HRCP to seek Pakistanis’ release from Afghan jails
By Zulfiqar Ali
PESHAWAR, April 26: A three-member delegation of the Human Rights Commission of Pakistan will visit Kabul next month to discuss the release of over 800 Pakistani prisoners, languishing in many jails of Afghanistan since the fall of Taliban regime.
HRCP chairperson Afrasiab Khattak told Dawn on Saturday that the delegation will meet with officials of Afghan government and coalition forces in Kabul to secure the release of prisoners.
He said that the delegation will leave for Kabul in the first week of May. Mr Khattak will lead the team and probably talk to US forces’ officials in Kabul regarding the release of prisoners.

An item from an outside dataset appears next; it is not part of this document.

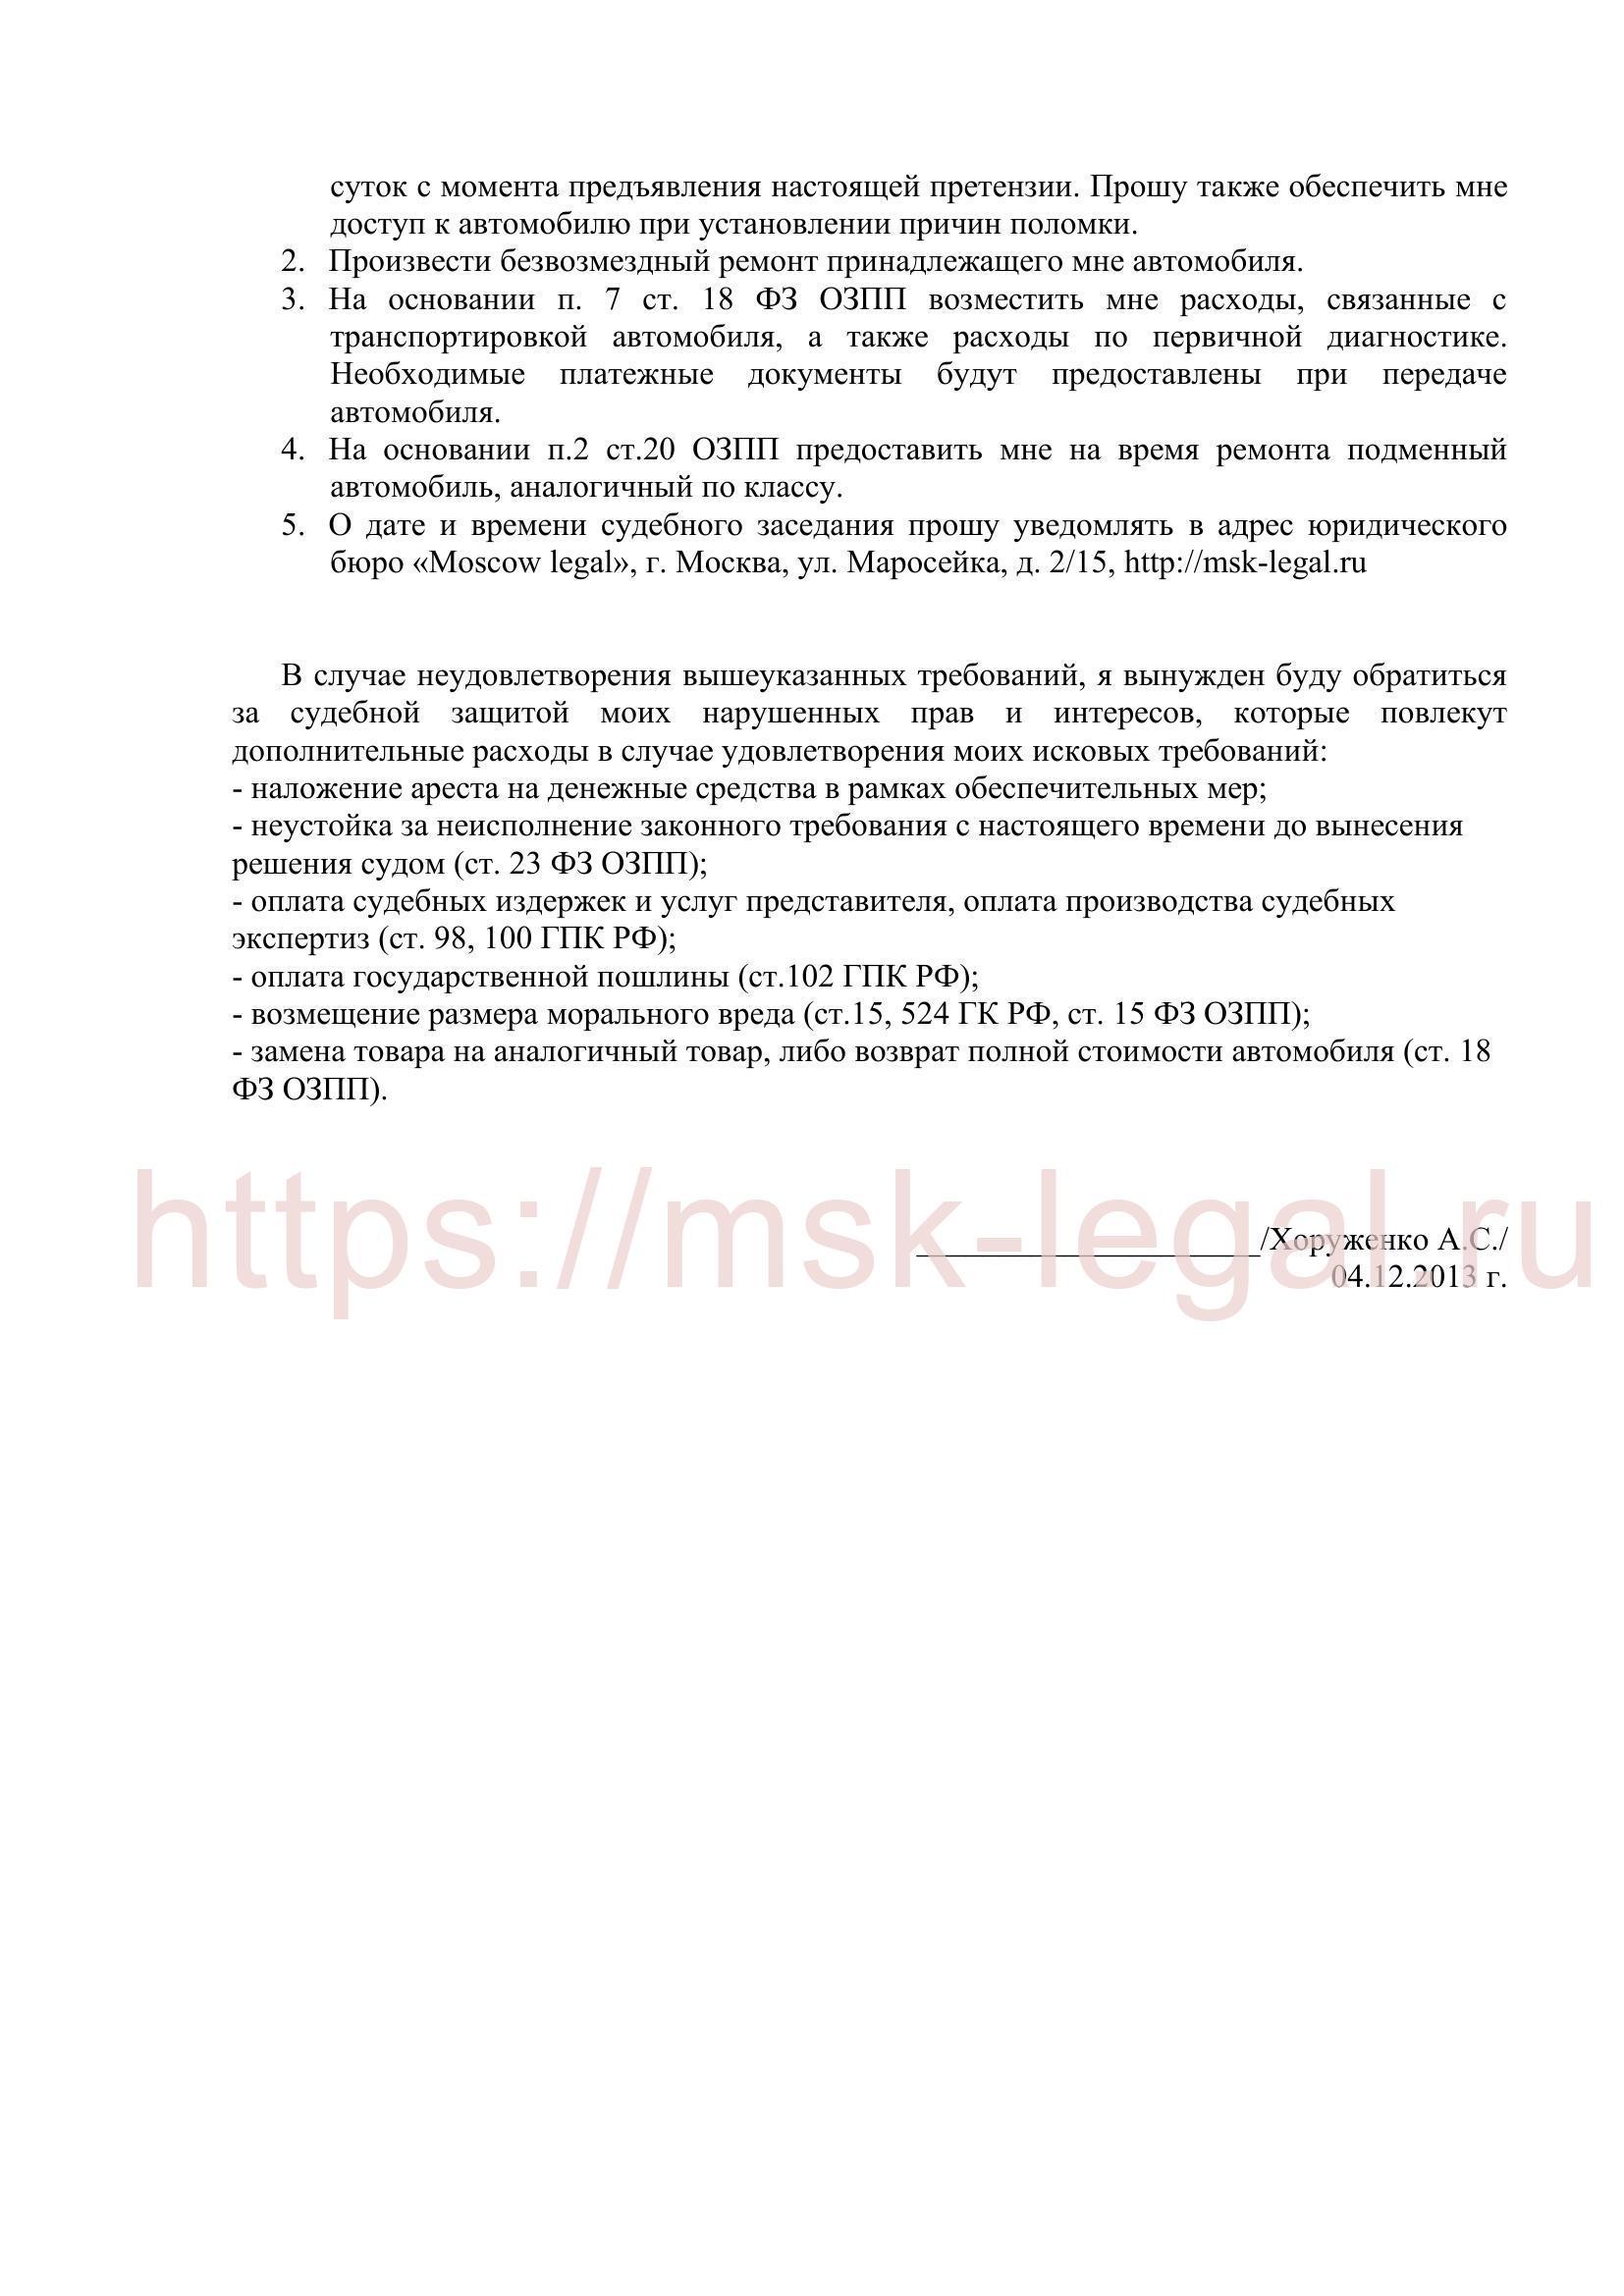 Претензия к сервису о некачественном ремонте автомобиля (2)

The much-expected release of Pakistani prisoners was put off due to American pressure as they wanted all prisoners screened for links with Taliban and Al Qaeda before their release, the sources said. They added that Pakistani authorities had pinned a lot of expectations with the visit of Afghan president Hamid Karzai that Pakistanis imprisoned in Afghan jails would be set free.
These expectations were dashed to the ground as the Karzai administration handed over a list of senior Taliban suspects to Islamabad and sought their extradition for war crimes against the Afghan nation.

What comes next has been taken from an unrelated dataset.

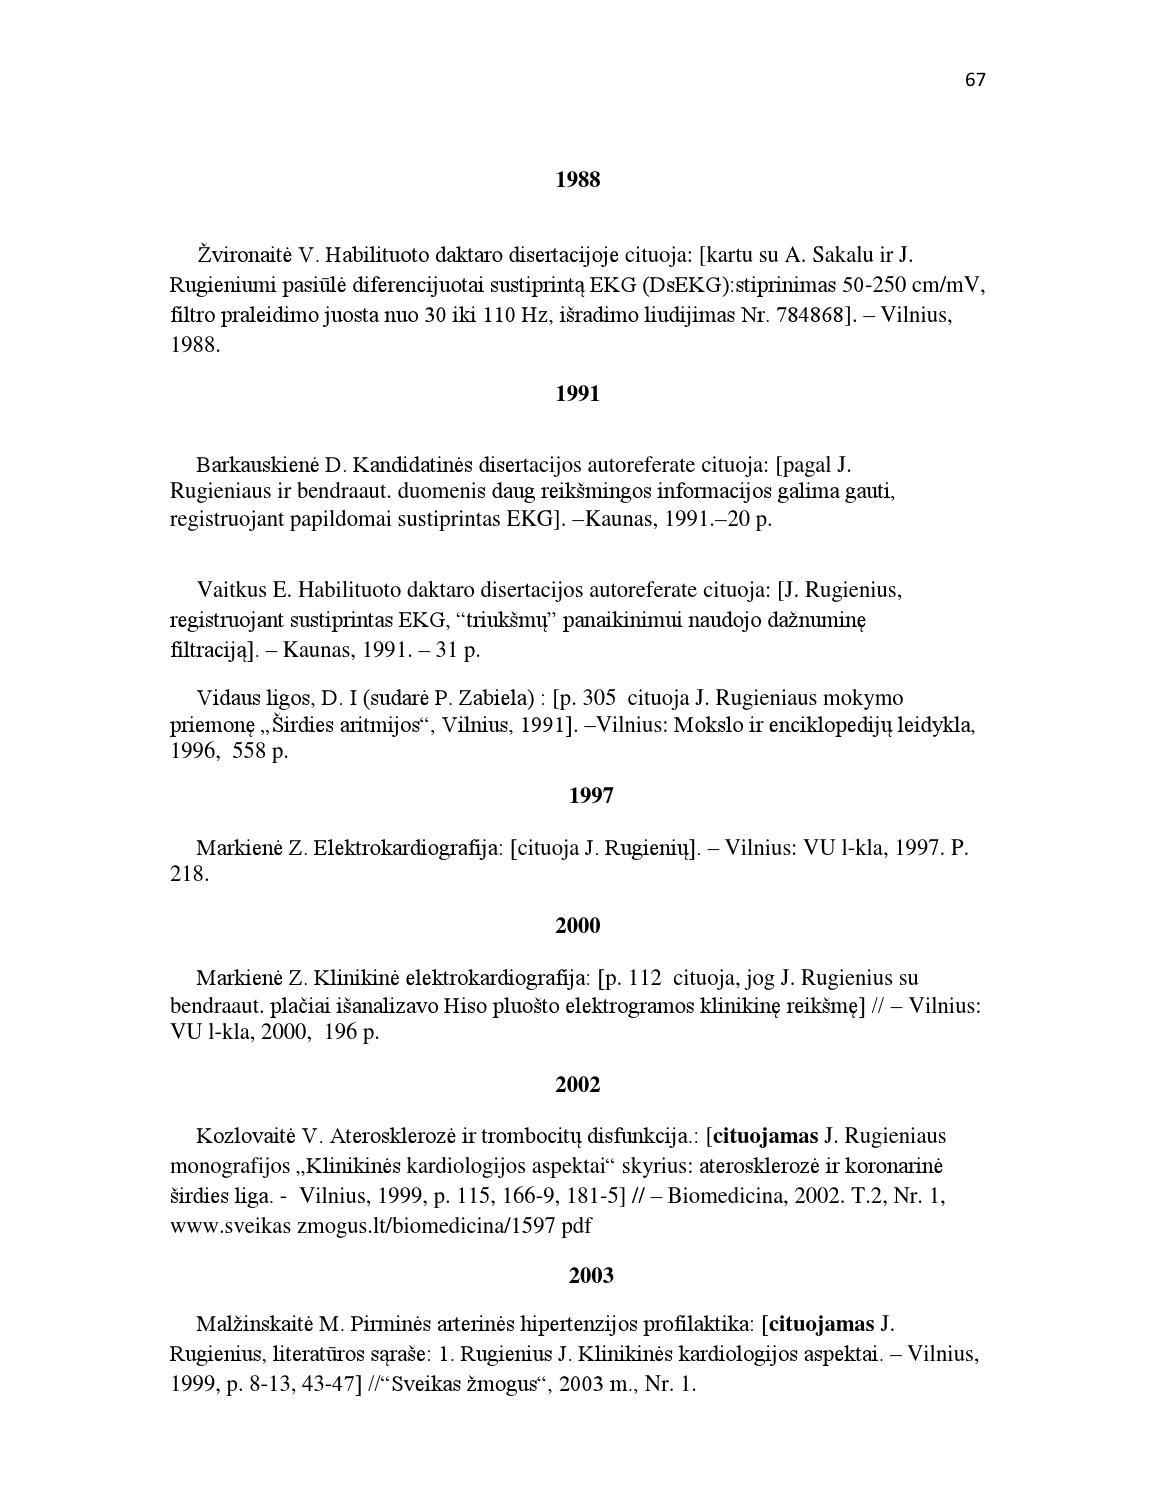 monografija apie hipertenziją natrio kalio širdies sveikata

The sources said that Afghan deputy defence minister general Abdur Rashid Dostum had expressed willingness to set free some 575 Pakistani prisoners. Some 80 Pakistanis are reportedly in Panjshir while some 200 Pakistanis have been kept in Kabul jail.

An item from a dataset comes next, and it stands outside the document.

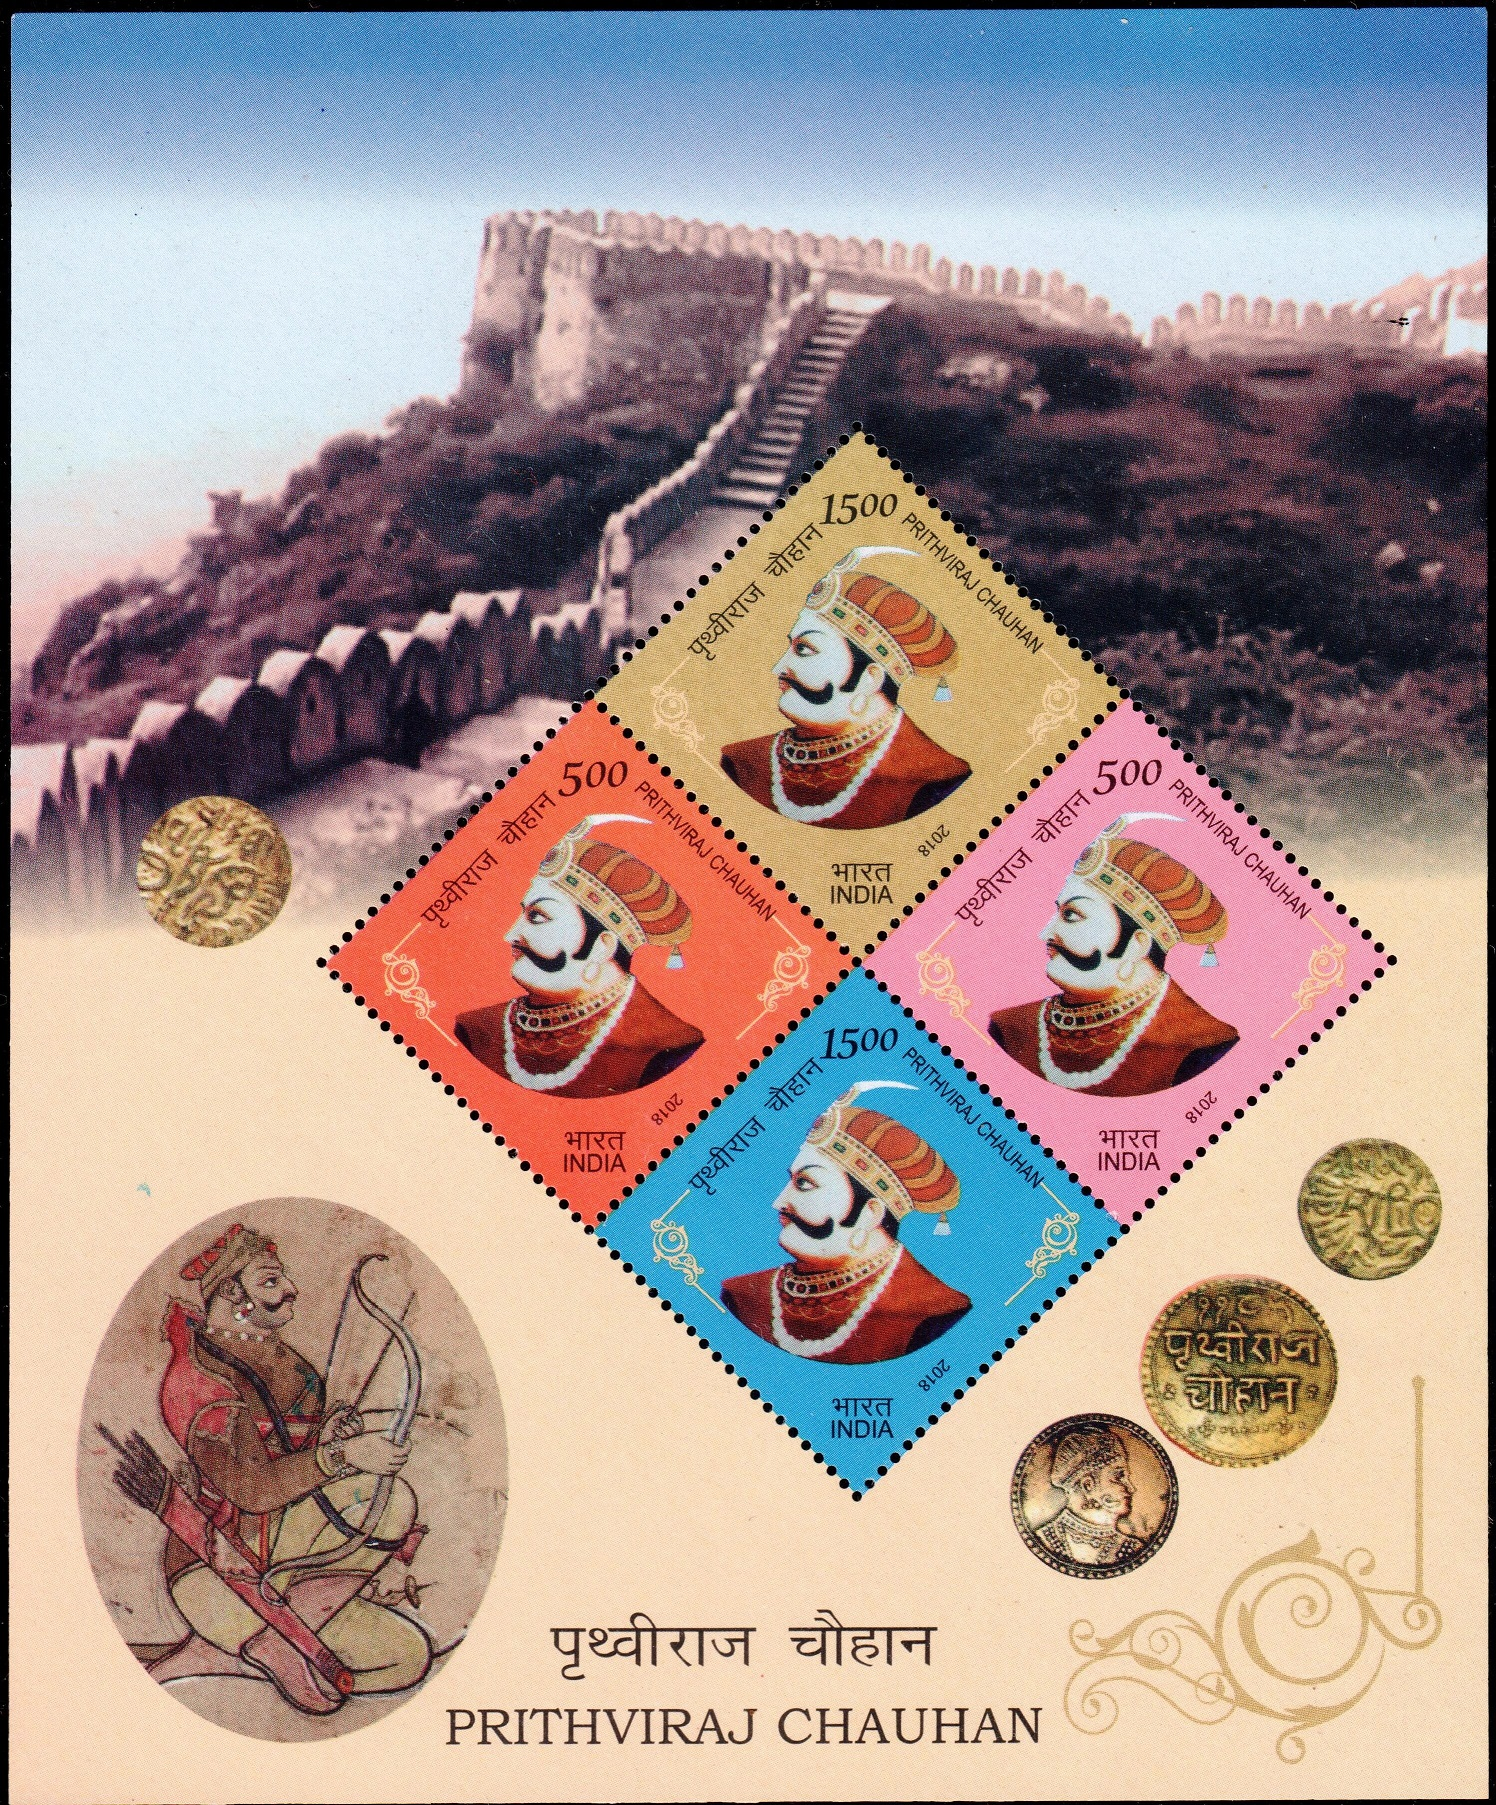 Rai Pithora Prithviraja III : Chahamanas of Shakambhari (Chauhans of Sambhar)

They said that a team of the HRCP had met a representative of general Dostum in Peshawar who had assured that he (Dostum) was ready to set free all prisoners, if the central government did not object to the decision.
The Northern Alliance and forces of General Rashid Dostum had captured a large number of Pakistani nationals who crossed into Afghanistan to fight along with Taliban in October 2001.